5 test cases passed 4 failed
Increasing Decreasing Sequence
The question says that an input sequence will be given to you and you have to return true if the sequence follows a pattern such that it first increases(like 1,2,3,4) and then decrease(3,0). So if the input is 1,2,3,4,3,0 then return true else false.
You can do it by siimply iterating till the next number is greater than the present number and then check the same for the decreasing sequence.
1 Like
Do not break the code in first loop when x{i+1} > x[i] because it is expected rather break when x[i+1] <x[i] and update num outside of the if condition.
Secondly in the second loop start i with num-1 rather than num.
5
1 2 3 4 5
excpected;true
compiler showing:false
code is still not working
No, In the first loop only put update= i+1 outside the if condition and break inside the if condition. also change the if condition with x[i+1] < x[i] and the same thing with the next loop.
@Ankur-Ankur-937479863269311
Think of it this way. There are three possibilities in total
- The sequence is completely increasing.
- The sequence is completely decreasing
- The sequence is first decreasing then increasing.
These are the three situations where we print true or else we print false.
If we plot the graph for the three situations the first one will be a simple increasing curve.
The second one will be a simple decreasing curve.
Both of these cases can be checked and verified using a simple loop.
The only case you are left to check now is the third one which forms a V-like graph , first decreasing then increasing.
To check this we can see how many turning points are there in the sequence. A turning point would be the element before which all elements were increasing and from thereon start decreasing or before which all elements were decreasing and then start increasing.

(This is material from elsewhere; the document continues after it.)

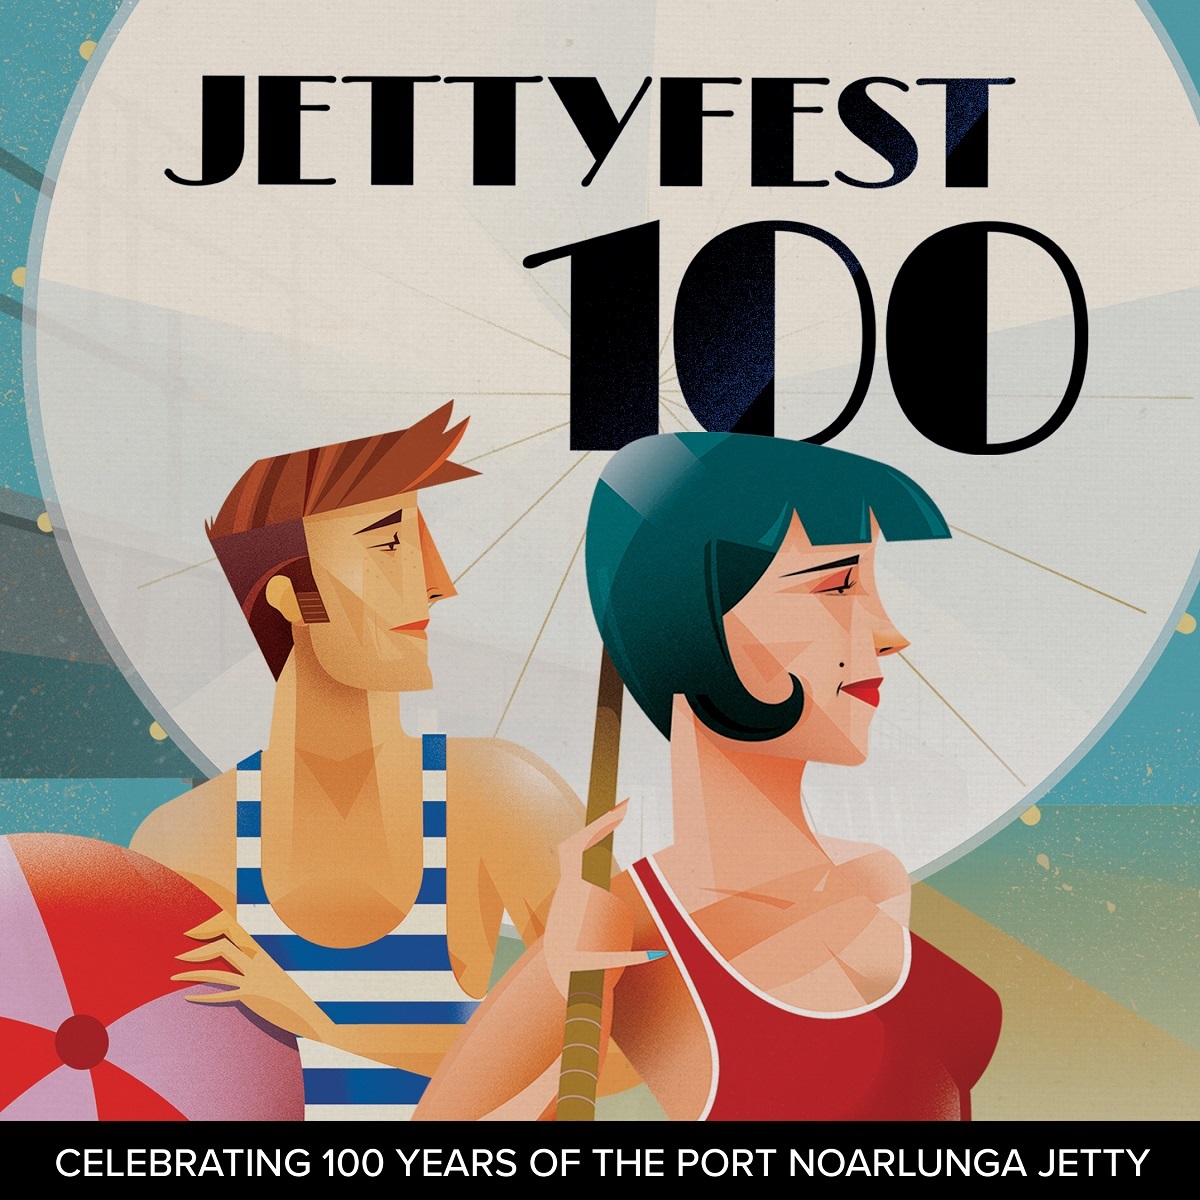 A JettyFest 100 poster featuring an illustrated man and woman alongside the Port Noarlunga jetty with a beach ball and umbrella.

Assume your sequence to be decreasing at first since that is specified in the problem that the sequence is first decreasing. After that check for such turning points. From the graph we can infer that this would be the lowermost point in the V-graph. Also there would be only one such point atmost and no more. So simply count such turning points. Check if the no of turning points is more than 1. If so , print false. Else print true.